*** DATA EXTRACTS Section Begins ***

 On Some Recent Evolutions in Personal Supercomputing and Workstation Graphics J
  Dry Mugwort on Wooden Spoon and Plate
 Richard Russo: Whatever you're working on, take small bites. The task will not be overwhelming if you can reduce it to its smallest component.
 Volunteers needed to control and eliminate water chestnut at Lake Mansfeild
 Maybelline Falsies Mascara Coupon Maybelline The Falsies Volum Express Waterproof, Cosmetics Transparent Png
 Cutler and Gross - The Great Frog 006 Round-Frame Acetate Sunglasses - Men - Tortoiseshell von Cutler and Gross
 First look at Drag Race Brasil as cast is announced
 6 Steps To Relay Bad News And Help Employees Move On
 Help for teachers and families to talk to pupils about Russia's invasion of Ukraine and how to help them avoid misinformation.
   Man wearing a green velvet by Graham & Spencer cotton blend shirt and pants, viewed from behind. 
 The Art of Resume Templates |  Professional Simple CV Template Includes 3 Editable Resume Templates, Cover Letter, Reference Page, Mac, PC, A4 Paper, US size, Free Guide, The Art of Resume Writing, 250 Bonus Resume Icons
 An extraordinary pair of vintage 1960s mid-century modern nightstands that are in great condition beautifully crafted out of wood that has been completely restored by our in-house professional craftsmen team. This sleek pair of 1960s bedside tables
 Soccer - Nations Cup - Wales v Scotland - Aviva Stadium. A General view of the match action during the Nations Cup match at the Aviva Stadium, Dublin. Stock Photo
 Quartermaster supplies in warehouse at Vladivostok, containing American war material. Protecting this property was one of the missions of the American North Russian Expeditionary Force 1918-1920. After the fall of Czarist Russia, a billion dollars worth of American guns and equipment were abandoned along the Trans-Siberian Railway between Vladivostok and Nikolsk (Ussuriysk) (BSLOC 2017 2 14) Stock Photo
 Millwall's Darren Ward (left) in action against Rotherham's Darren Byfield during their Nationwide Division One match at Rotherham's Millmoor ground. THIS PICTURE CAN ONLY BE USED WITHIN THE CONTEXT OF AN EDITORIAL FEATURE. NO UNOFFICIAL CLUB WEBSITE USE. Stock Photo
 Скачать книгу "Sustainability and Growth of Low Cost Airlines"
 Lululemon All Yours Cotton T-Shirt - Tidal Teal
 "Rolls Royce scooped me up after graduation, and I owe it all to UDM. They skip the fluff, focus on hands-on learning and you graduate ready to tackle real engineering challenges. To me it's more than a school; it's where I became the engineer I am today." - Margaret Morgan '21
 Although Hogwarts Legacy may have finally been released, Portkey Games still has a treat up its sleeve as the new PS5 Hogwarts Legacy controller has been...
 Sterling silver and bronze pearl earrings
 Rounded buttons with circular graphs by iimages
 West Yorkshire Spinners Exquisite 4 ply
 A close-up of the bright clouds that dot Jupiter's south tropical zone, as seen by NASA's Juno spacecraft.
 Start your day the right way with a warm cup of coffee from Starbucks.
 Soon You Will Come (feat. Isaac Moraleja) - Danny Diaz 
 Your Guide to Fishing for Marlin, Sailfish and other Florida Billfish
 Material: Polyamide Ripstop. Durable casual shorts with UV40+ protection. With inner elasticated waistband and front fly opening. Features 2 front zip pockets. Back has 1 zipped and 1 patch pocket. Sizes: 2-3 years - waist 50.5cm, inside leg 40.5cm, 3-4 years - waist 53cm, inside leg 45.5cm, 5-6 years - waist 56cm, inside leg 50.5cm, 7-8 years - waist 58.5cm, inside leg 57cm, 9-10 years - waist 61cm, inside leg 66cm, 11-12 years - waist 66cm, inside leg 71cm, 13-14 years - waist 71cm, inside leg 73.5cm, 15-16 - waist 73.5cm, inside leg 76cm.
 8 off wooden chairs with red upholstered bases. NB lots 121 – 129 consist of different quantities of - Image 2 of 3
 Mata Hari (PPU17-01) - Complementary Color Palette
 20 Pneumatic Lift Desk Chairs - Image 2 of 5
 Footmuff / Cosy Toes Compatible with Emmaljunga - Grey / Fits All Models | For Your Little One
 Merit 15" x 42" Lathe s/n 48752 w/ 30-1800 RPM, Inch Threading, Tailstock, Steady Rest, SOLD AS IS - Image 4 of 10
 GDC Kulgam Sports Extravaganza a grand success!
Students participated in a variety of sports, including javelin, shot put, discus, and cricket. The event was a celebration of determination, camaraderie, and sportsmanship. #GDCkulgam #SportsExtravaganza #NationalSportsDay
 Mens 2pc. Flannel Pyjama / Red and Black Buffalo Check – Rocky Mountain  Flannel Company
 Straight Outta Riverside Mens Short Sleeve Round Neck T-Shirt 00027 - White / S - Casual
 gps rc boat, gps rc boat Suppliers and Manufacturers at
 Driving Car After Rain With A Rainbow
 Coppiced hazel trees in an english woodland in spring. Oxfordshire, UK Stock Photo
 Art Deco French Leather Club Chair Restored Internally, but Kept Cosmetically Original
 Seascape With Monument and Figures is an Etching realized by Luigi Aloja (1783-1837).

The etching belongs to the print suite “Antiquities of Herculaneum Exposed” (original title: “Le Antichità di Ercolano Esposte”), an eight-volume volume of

*** DATA EXTRACTS Section Ends ***

In the entries above, find each line with the string "that" and copy it.

TASK ANSWER:
 An extraordinary pair of vintage 1960s mid-century modern nightstands that are in great condition beautifully crafted out of wood that has been completely restored by our in-house professional craftsmen team. This sleek pair of 1960s bedside tables
 A close-up of the bright clouds that dot Jupiter's south tropical zone, as seen by NASA's Juno spacecraft.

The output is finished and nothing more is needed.